Braised Pork Intestines with Pickled Vegetables (梅菜扣肥肠)

梅菜扣肥肠 (Braised Pork Intestines with Pickled Vegetables) is a classic dish from Jiangxi Cuisine, known for its bold flavors and unique ingredients. This dish features tender pork intestines braised with savory pickled vegetables, creating a rich and aromatic flavor profile.

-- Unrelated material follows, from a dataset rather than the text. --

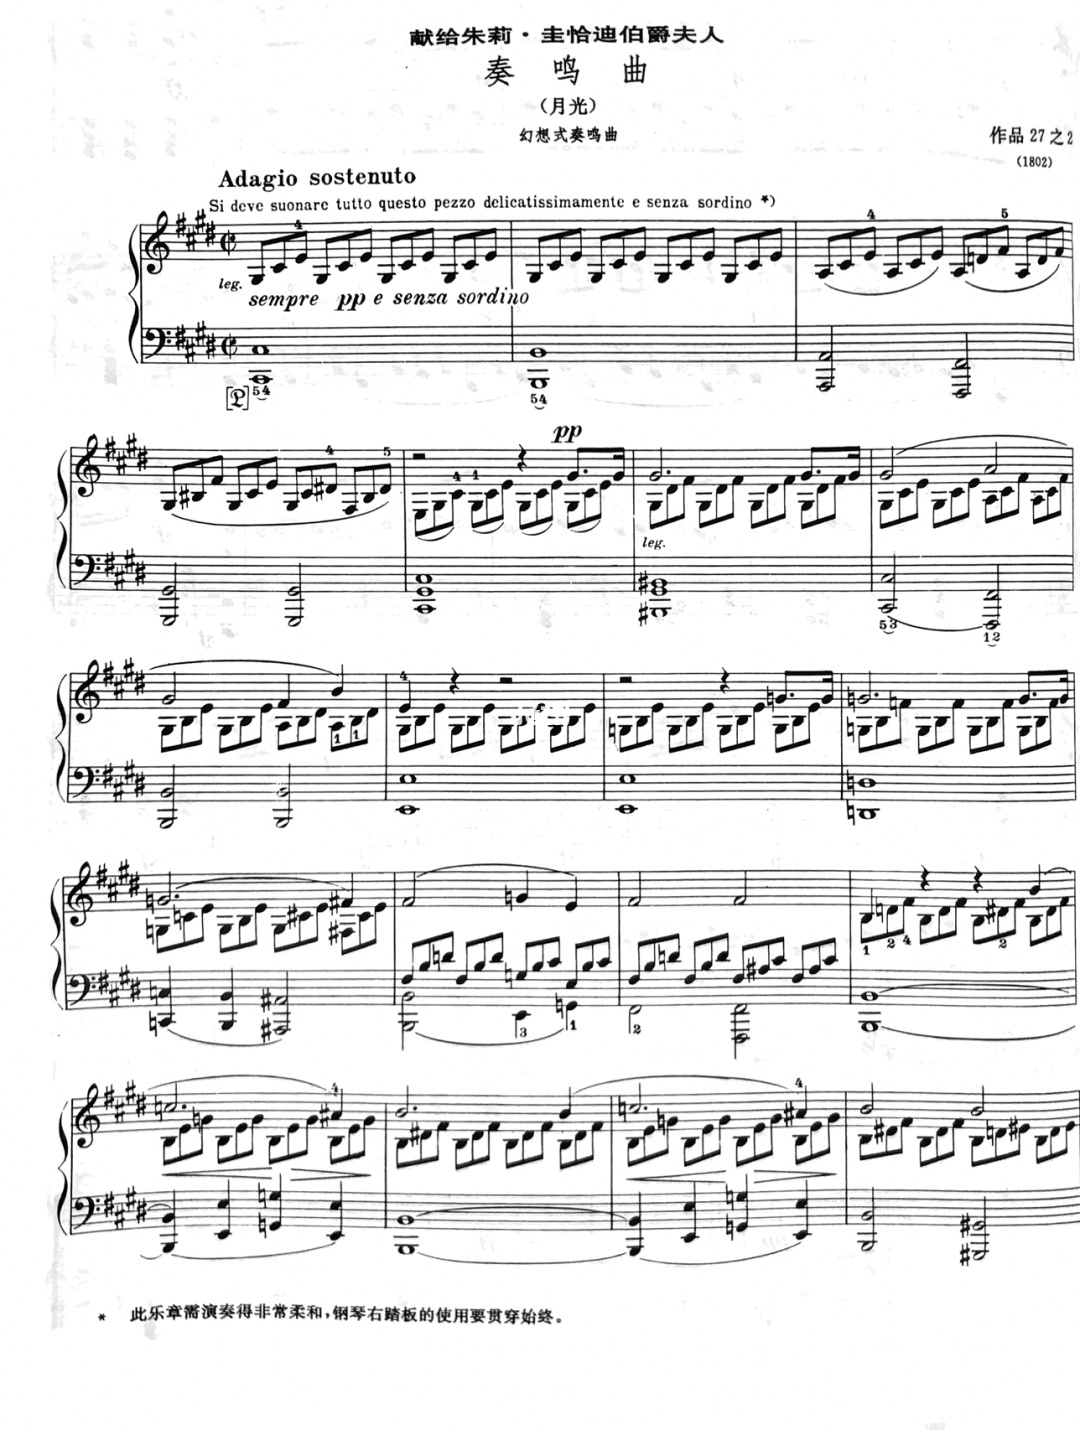 贝多芬钢琴曲简谱数字(贝多芬钢琴曲欣赏100首简谱)

Braised Pork Intestines with Pickled Vegetables (梅菜扣肥肠)

Ingredients

  • 500g pork intestines, cleaned and sliced
  • 100g pickled mustard greens
  • 3 slices ginger
  • 2 cloves garlic, minced
  • 2 green onions, chopped
  • 2 tablespoons Shaoxing wine
  • 1 tablespoon soy sauce
  • 1 tablespoon oyster sauce
  • 1 teaspoon sugar
  • 1/2 teaspoon salt
  • 1/4 teaspoon white pepper
  • 2 cups water

Instructions

  1. Blanch the pork intestines in boiling water for 5 minutes, then rinse with cold water and drain.
  2. Heat a wok or large skillet over medium heat, add the pork intestines and cook until browned. Remove and set aside.
  3. In the same wok, add the ginger, garlic, and green onions. Stir-fry until fragrant.
  4. Add the pickled mustard greens, Shaoxing wine, soy sauce, oyster sauce, sugar, salt, and white pepper. Stir well.
  5. Return the pork intestines to the wok, add water, and bring to a boil. Reduce heat, cover, and simmer for 1 hour.
  6. Once the pork intestines are tender and the sauce has thickened, serve hot and enjoy!

Cooking & Preparation

Preparation time:
20 minutes
Cooking time:
1 hour
Total time:
1 hour
Cooking method
Stovetop

Nutritional facts per 1 serving

Calories
350 per serving
Protein
25g
Fat
20g
Carbohydrates
15g

Supplies

Wok or large skillet Cutting board Knife Measuring spoons Measuring cups

Tools

Serving platter Stove Strainer

Serving suggestions

Serve the 梅菜扣肥肠 with steamed rice and a side of stir-fried vegetables for a complete meal.

Tips & tricks

For a richer flavor, marinate the pork intestines in Shaoxing wine and soy sauce for 30 minutes before cooking.